Doing this would mean that clients could take the structure data and then display references in a way that is best suited on the clients and potentially doing more interesting things.

Current references usage in web/apps:

Lists

We show a list of references in specific sections at the bottom of the page for both web and apps. This is inline with the article. Is this the best UI? Would we like to show this list differently? For example, the apps use a full screen native table for displaying the list of revisions. Would we like to do something similar here?

Popup

We show a specific reference when a user clicks on a reference. In this case we show a special UI (a native component in apps, but is also a pop up in web). This seems like a case where structured data is a clear win. Currently, the apps are parsing out the references from the DOM (and will be using a JS callback in the future) to get the reference so it can be displayed in the native component. It seems the web is doing something similar.

So some questions:

  1. Do clients actually want structured data in lieu of HTML so they can construct these interfaces?
  2. Will clients still need an HTML version in addition to a structured version, OR will they be able to easily construct a UI from the structured data?
  3. Are there other uses for a references API beyond what is listed above?

Event Timeline

Reference sections can have other wikitext that would get lost in structured data. I did consider this a while back but it doesn't help MobileFrontend which needs to know how to render the HTML of the reference sections. We can of course ship the structured data AND the HTML but that's duplicating content.

e.g. consider

= References =
Some references go here
<references group="foo" />
More text
<references group="bar" />

Reference sections can have other wikitext that would get lost in structured data.

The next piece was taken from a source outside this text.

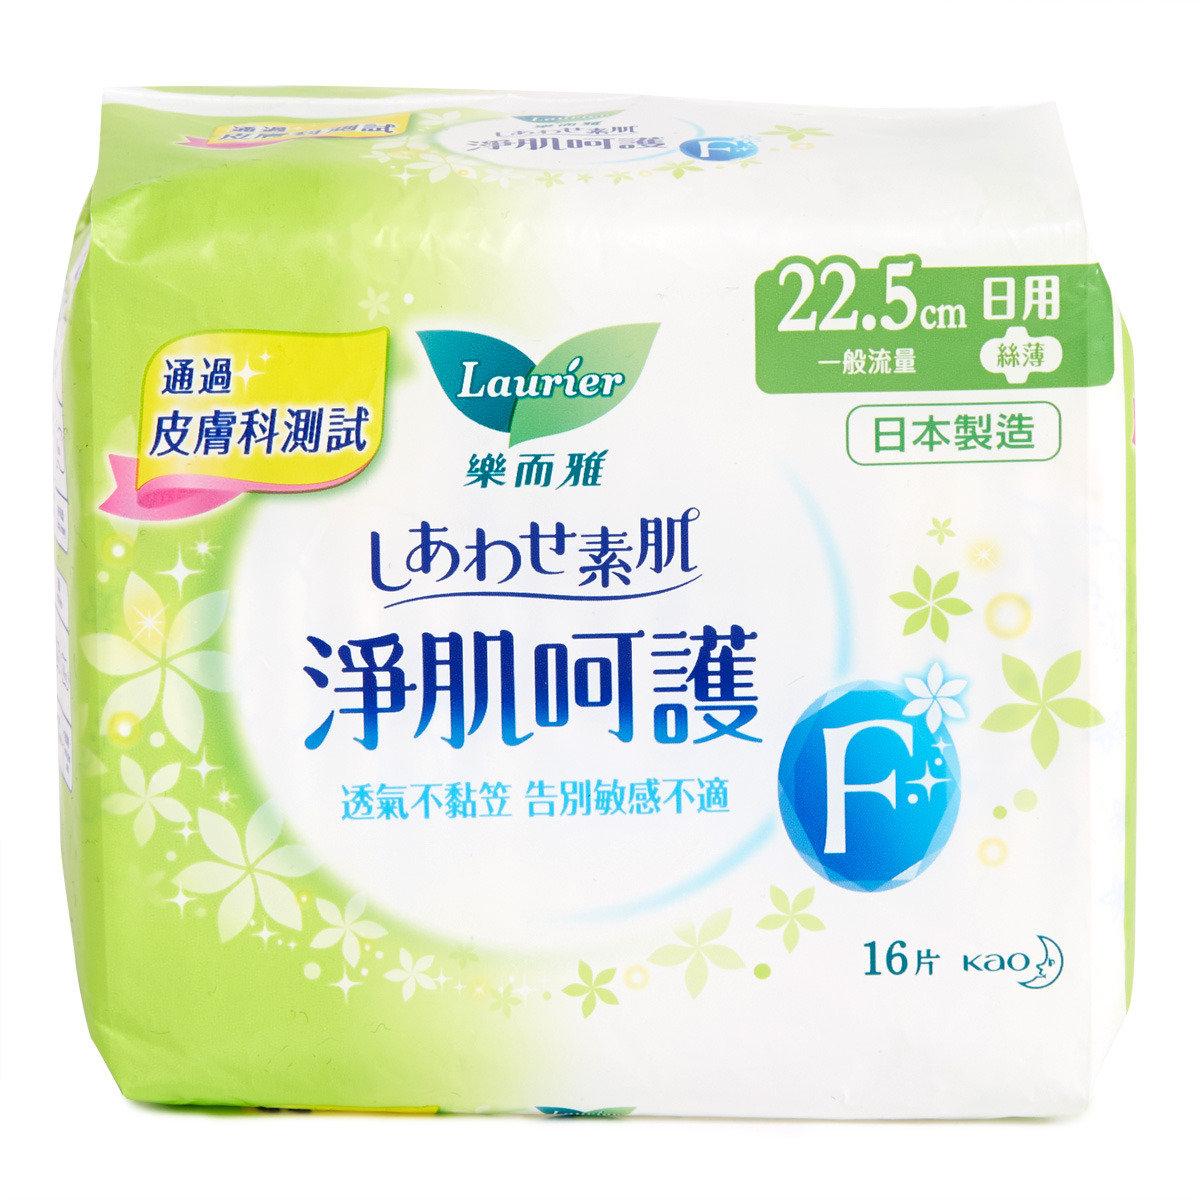 F絲薄日用安全翼衛生巾 22.5cm 16片裝

@Jdlrobson it seems like you are saying that grouping would be lost from your example? I think that wold be pretty trivial to support in a structured way (nested arrays or dictionaries). Or is there something else I am missing from your example?

Not the grouping - any content in between. When implementing lazy loading references on mobile web we came across various pages where the reference sections contain content other than the list of references. Stripping out the lists makes those sections confusing, removing the section altogether loses editor content.

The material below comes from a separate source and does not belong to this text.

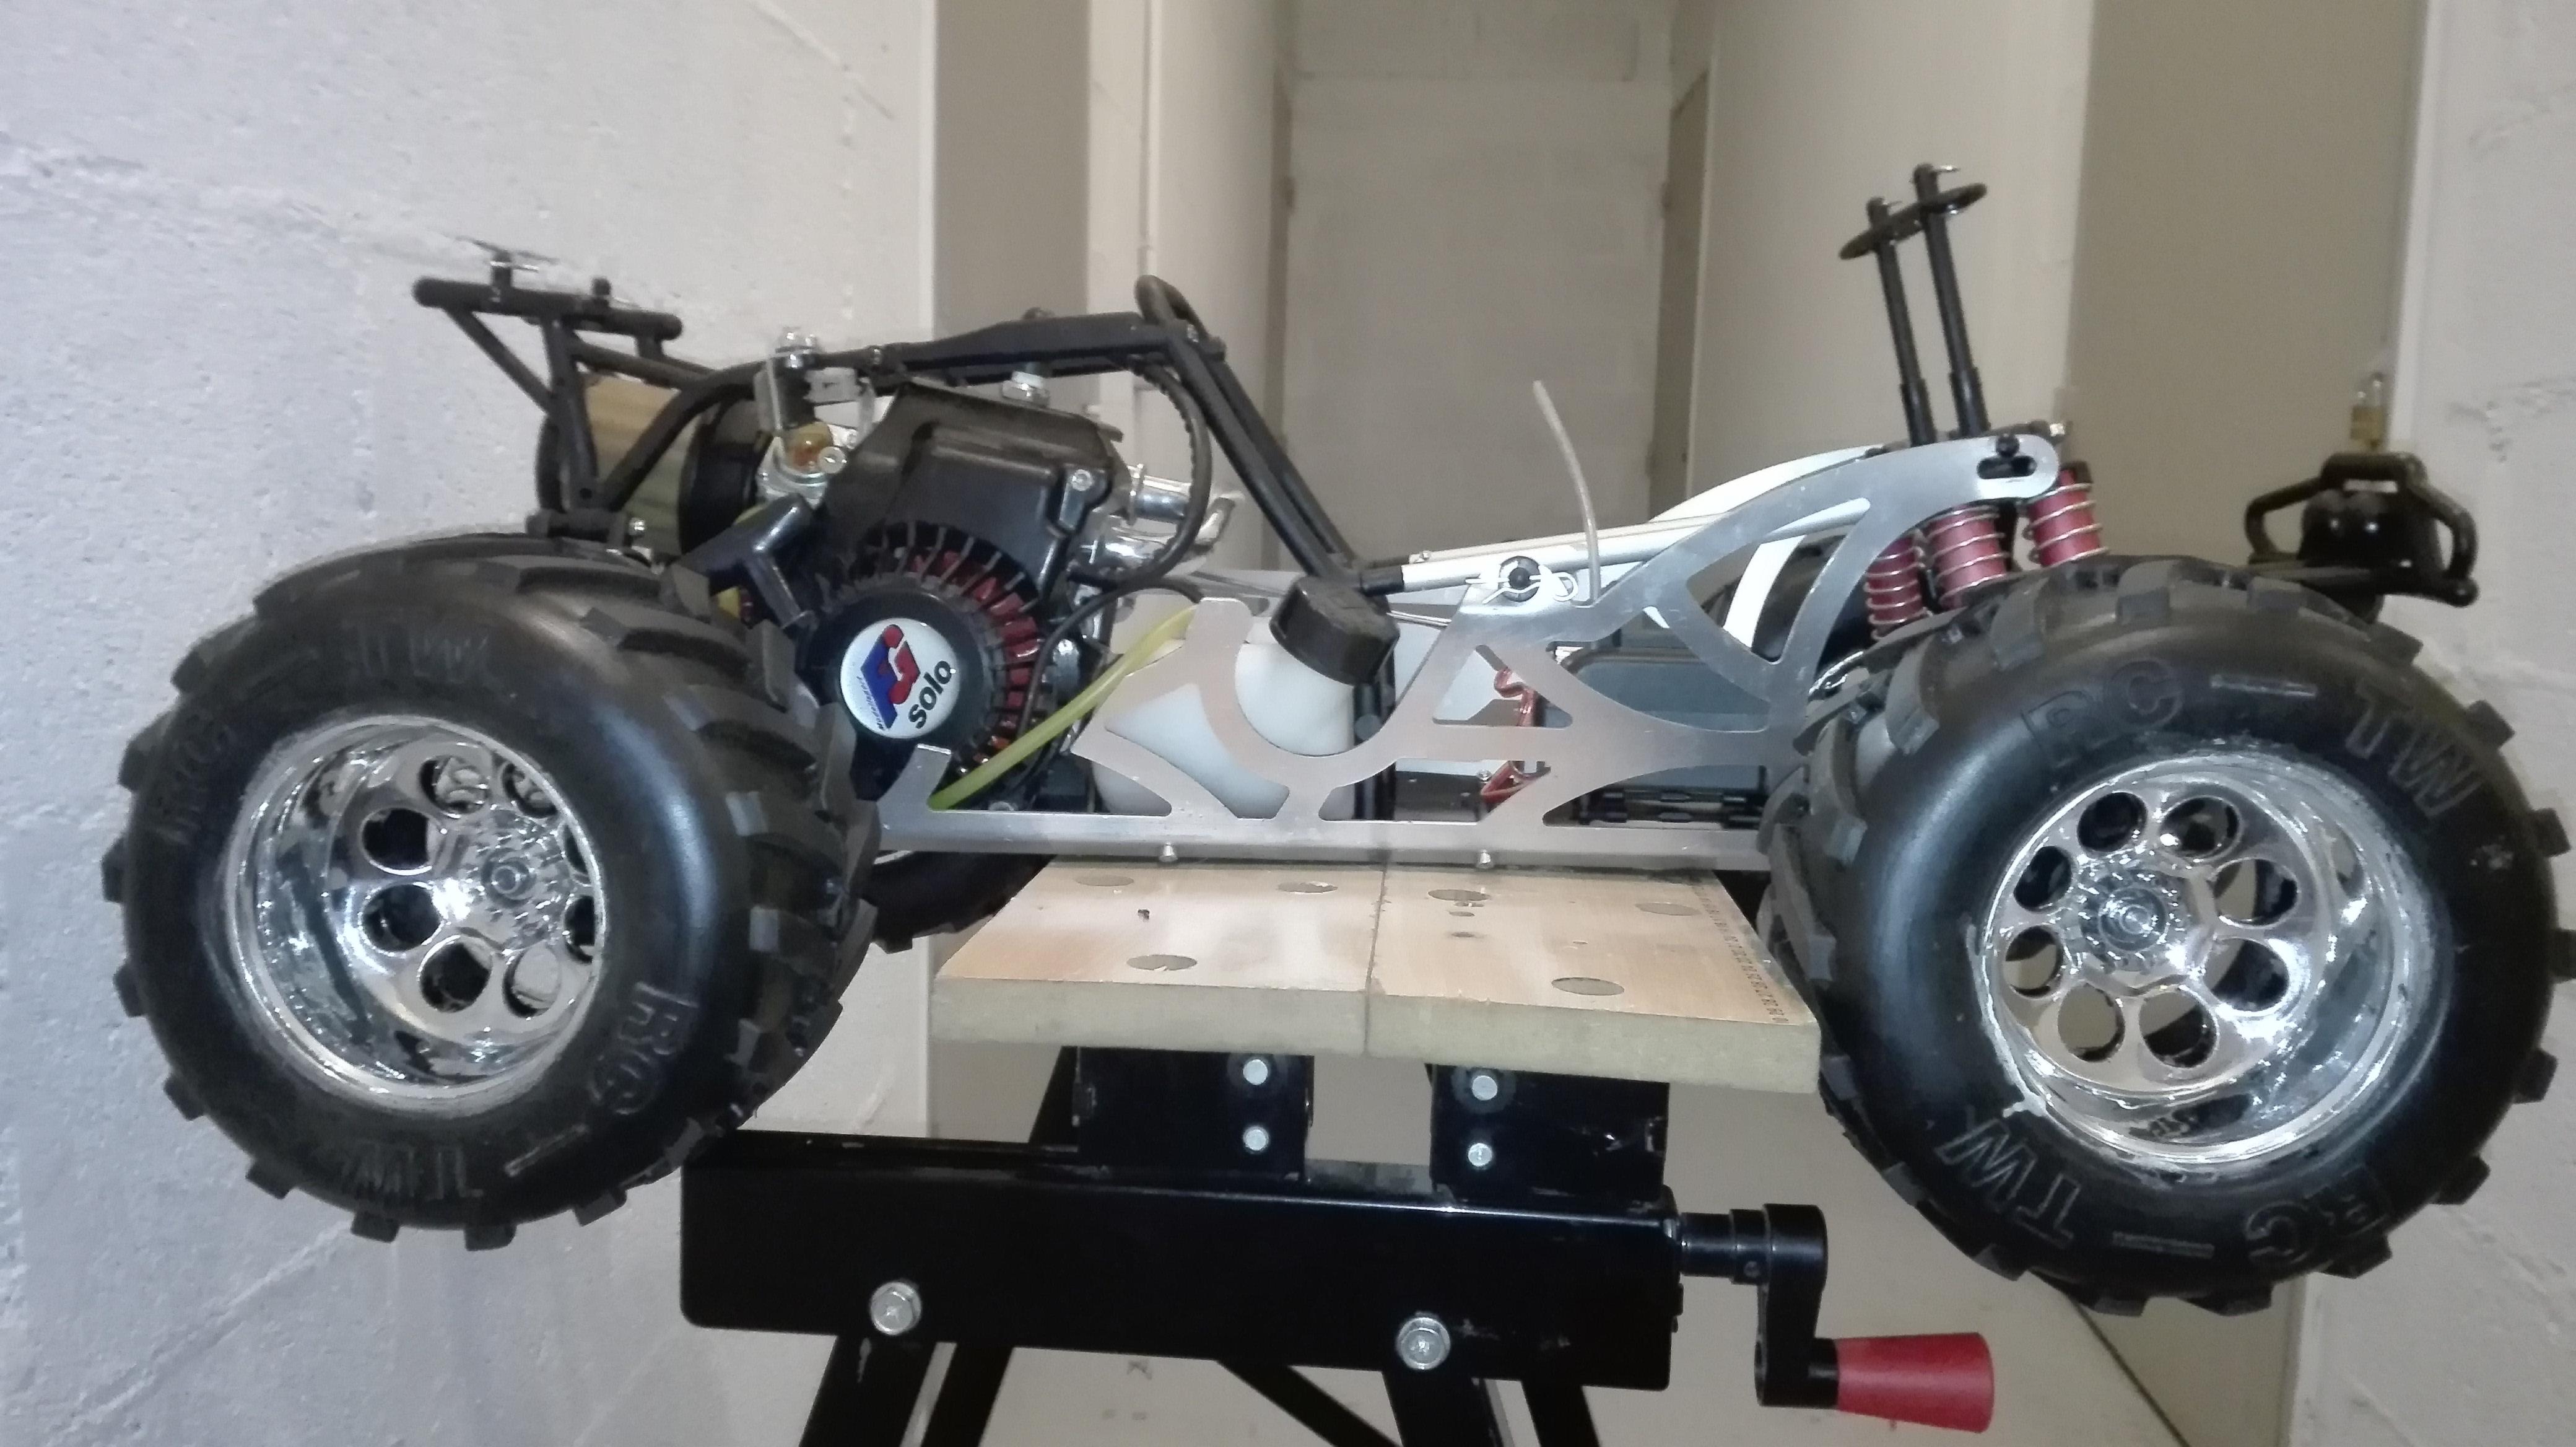 re-montage complet monster truck FG depuis un chassis nu - Page 2 180410111814468608

Consider this example for instance:
https://en.m.wikipedia.beta.wmflabs.org/wiki/Corey_references

In the case of lazy loading references, we'd collapse the notes and references sections by default. When the headings are clicked it loads the entire content of that section.

Of course this is just one use case, but I'm saying right now we need some way to obtain the whole HTML of that section.

Fjalapeno added a subscriber: Nirzar.

@Nirzar I should ask you here as well… as this is sort of a design question:

Do you prefer to show references as they are now at the bottom of a page, or would you prefer to render them differently on each platform?

Reference sections can have other wikitext that would get lost in structured data. I did consider this a while back but it doesn't help MobileFrontend which needs to know how to render the HTML of the reference sections. We can of course ship the structured data AND the HTML but that's duplicating content.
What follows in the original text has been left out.